So I’ve been a self-diagnosed insomniac for years now. And I’ve kinda always prided myself on what I’ve been able to accomplish on minimal unconscious time.
But I’m coming to the realisation that these days I can do less and less.
And that saddens me.
Time was, I could go to bed at 2am, get up at 4am, do a 16 hour day, or an 18 hour day, or perhaps even more… and do it all again the following day.
No more though.
I’ve always been an early riser. At the moment, I’m up at around the 4 – 4.15am mark. And I love that. I love my morning routine, and I never want to give it up.

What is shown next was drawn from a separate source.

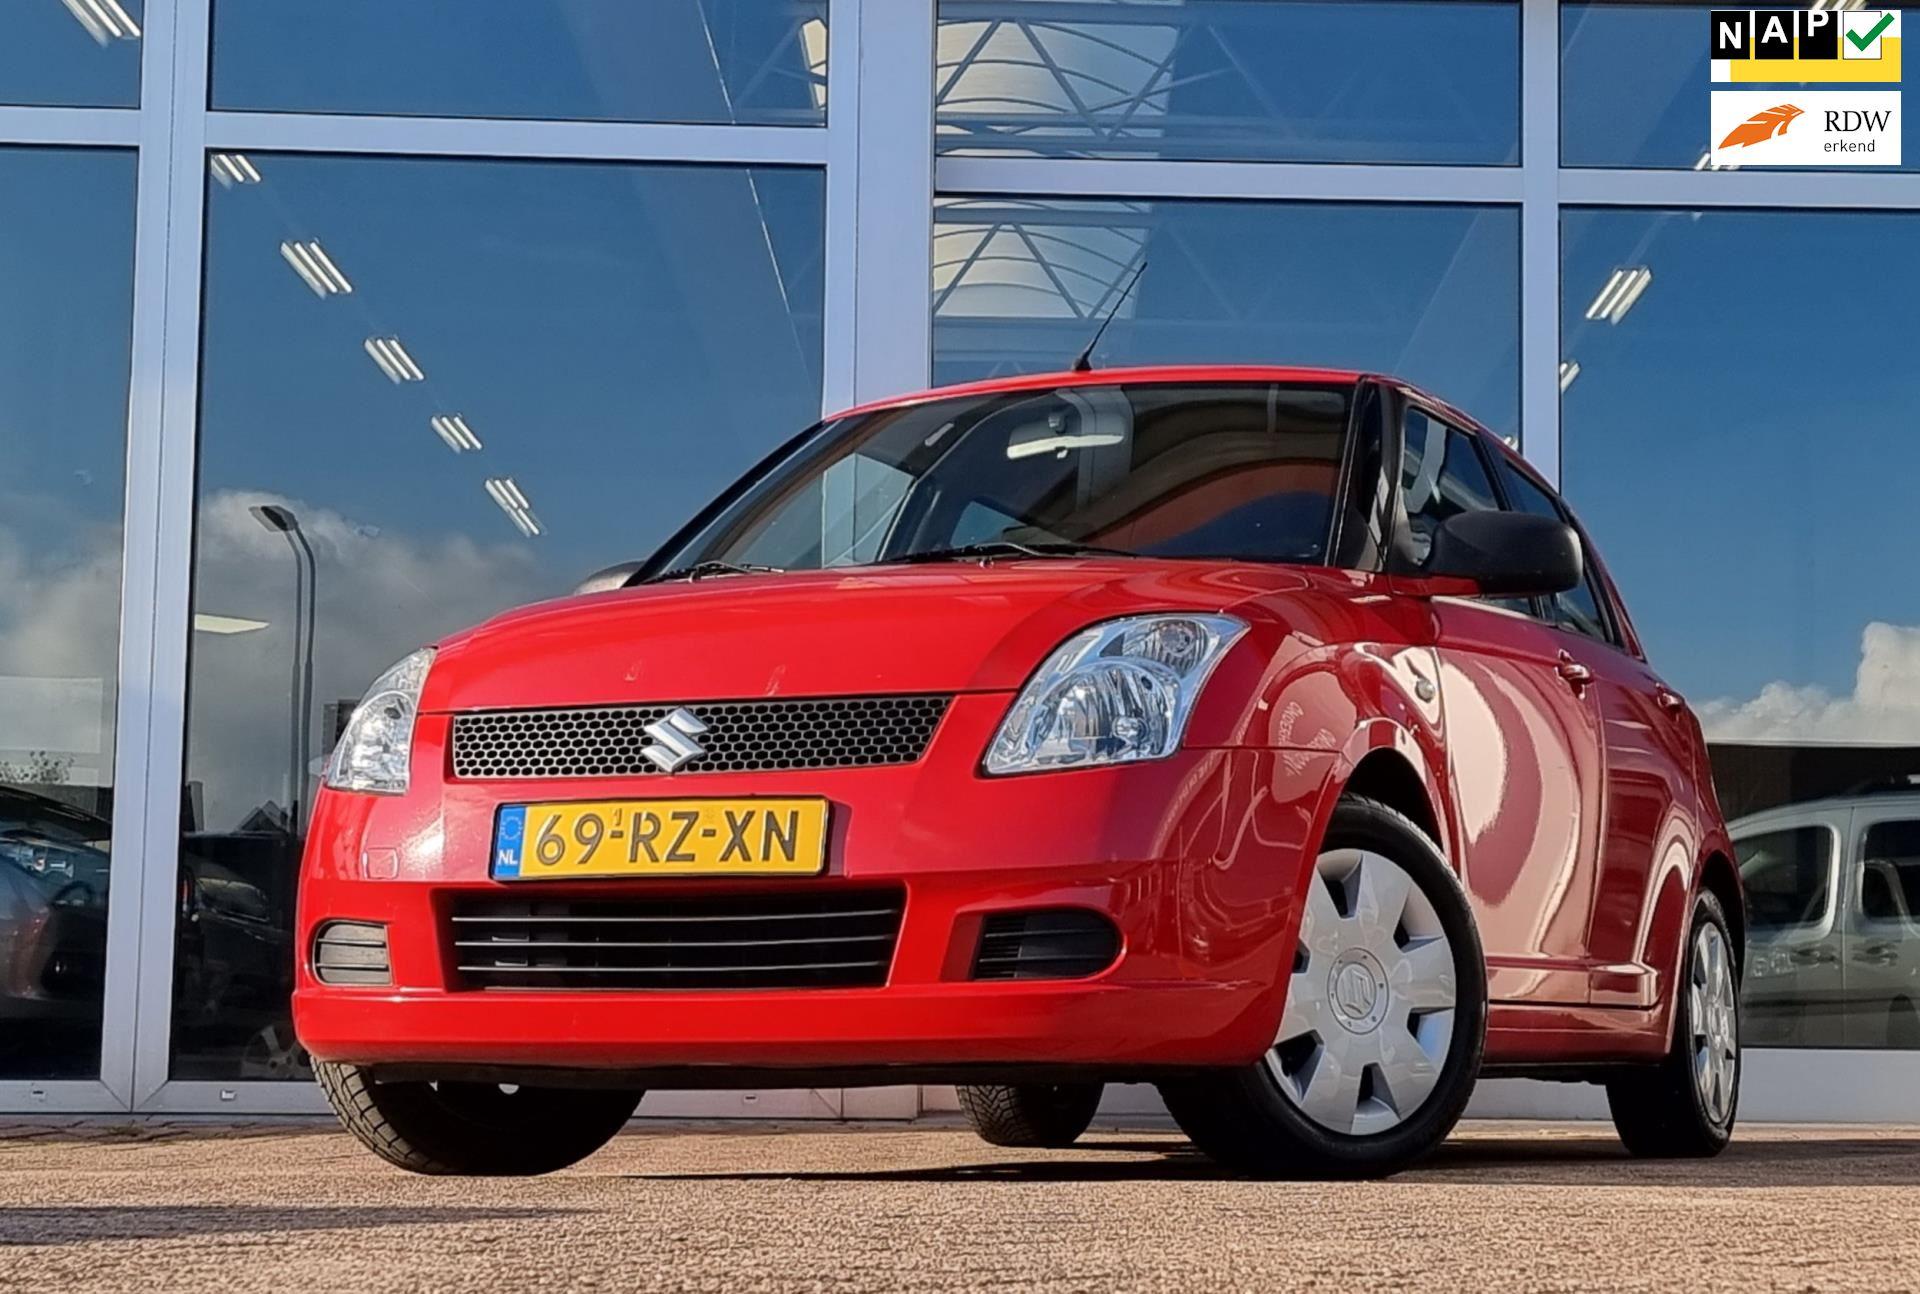 Suzuki Swift occasion - van den Boog Automotive

But it’s meaning that I can’t stay up too late at night. And that’s the bit I don’t like. I crave the ‘me’ time I get, after the cherubs are in bed for the night. Perhaps I’m just being a little too selfish? Wanting ‘me’ time prior to 6am, and again in the evenings?
I’ve been told I’m a pragmatic person. Realistic. Maybe I am; I don’t see it myself. And I certainly don’t want to acknowledge it in this particular set of circumstances! I want to have my awake time and keep my patience (and my sanity) too 🙁
I guess that’s my arrogance talking though, yeh? And that’s a little embarrassing.
So I’m going to stop typing now. And try this week to (as a wise friend once suggested) be ‘rhythmic in my rest’. Feel free to join me in a ‘seeking sleep’ quest this week 🙂 or not, too 🙂
Either way, have a great week, dear Reader!